I need a language detection script. I tried Textblob library which right now give me the two letter abbreviation of the language. How can I get the complete language expansion?
This detects the language with two letter abbreviation of the language
from textblob import TextBlob
b = TextBlob("cómo estás")
language = b.detect_language()
print(language)
Actual Results : es
Expected Results : Spanish
I have the list of language and their abbreviation from this link
https://developers.google.com/admin-sdk/directory/v1/languages
The code you're using gives you a two-letter abbreviation that conforms to the ISO 639-2
international protocol. You could look up a list of these correspondences (e.g. this page and rig up a method to just input one and output the other, but given you're programming in python, someone's already done that for you.
I recommend pycountry
- a general-purpose library for this type of task that also contains a number of other standards. Example of using it for this problem:
from textblob import TextBlob
import pycountry
b = TextBlob("நீங்கள் எப்படி இருக்கிறீர்கள்")

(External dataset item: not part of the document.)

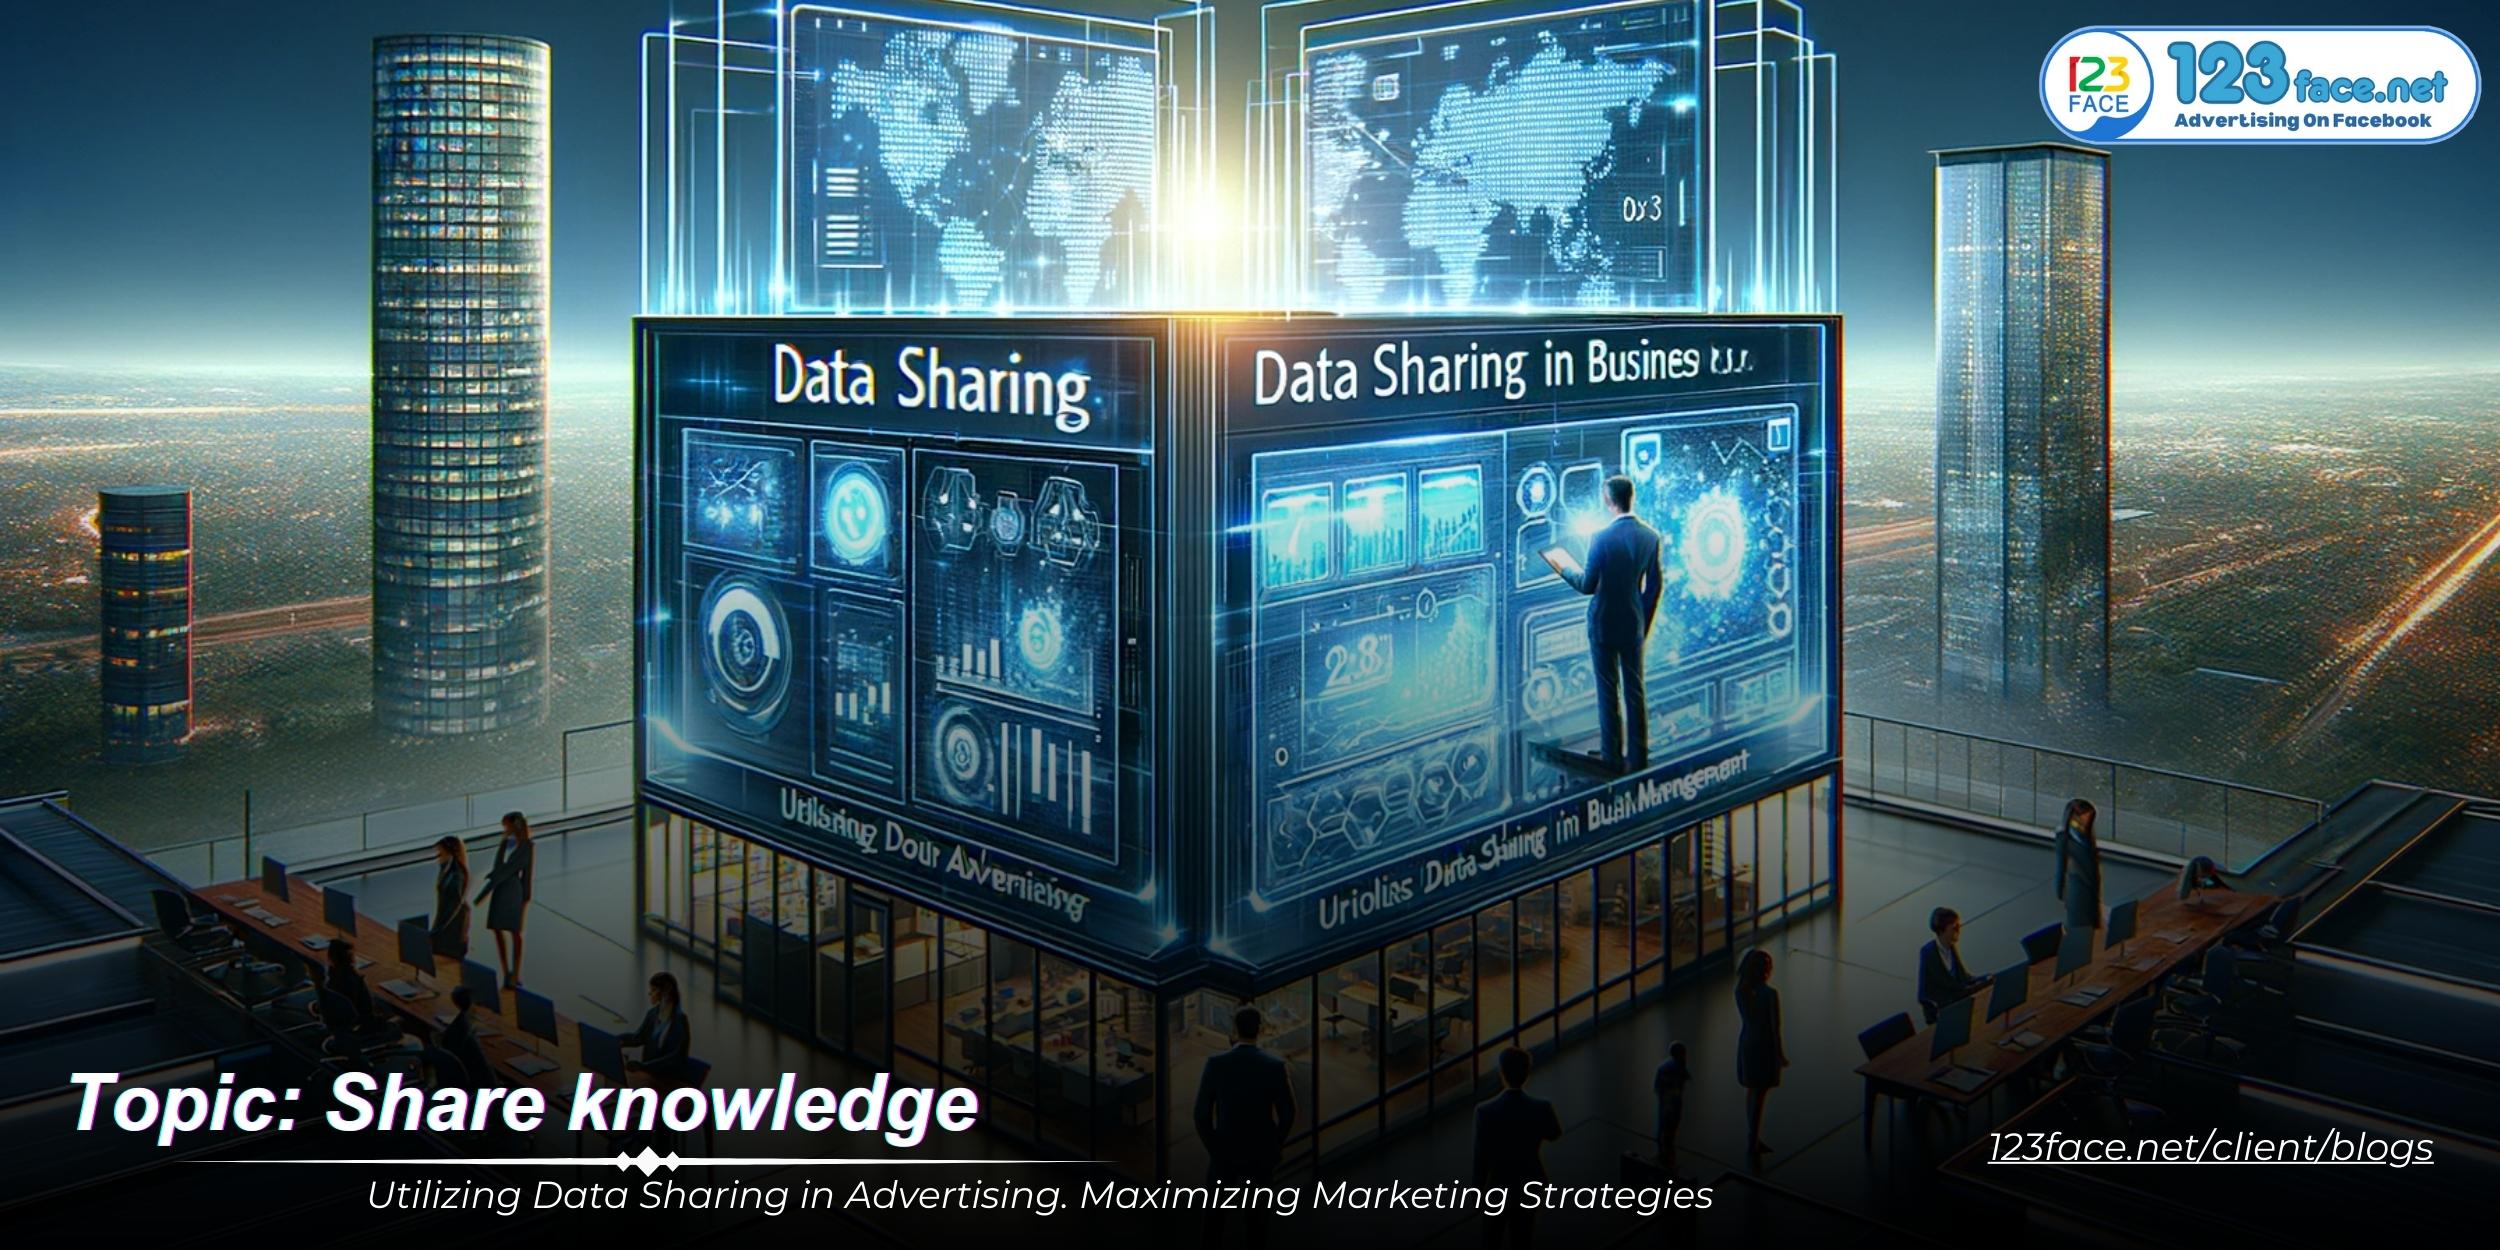 Utilizing Data Sharing in Advertising. Maximizing Marketing Strategies

iso_code = b.detect_language()
# iso_code = "ta"
language = pycountry.languages.get(alpha_2=iso_code)
# language = Language(alpha_2='ta', alpha_3='tam', name='Tamil', scope='I', type='L')
print(language.name)
and that prints Tamil
, as expected. Same works for Spanish:
>>> pycountry.languages.get(alpha_2='es').name
'Spanish'
and probably most other languages you'll encounter in whatever it is you're doing..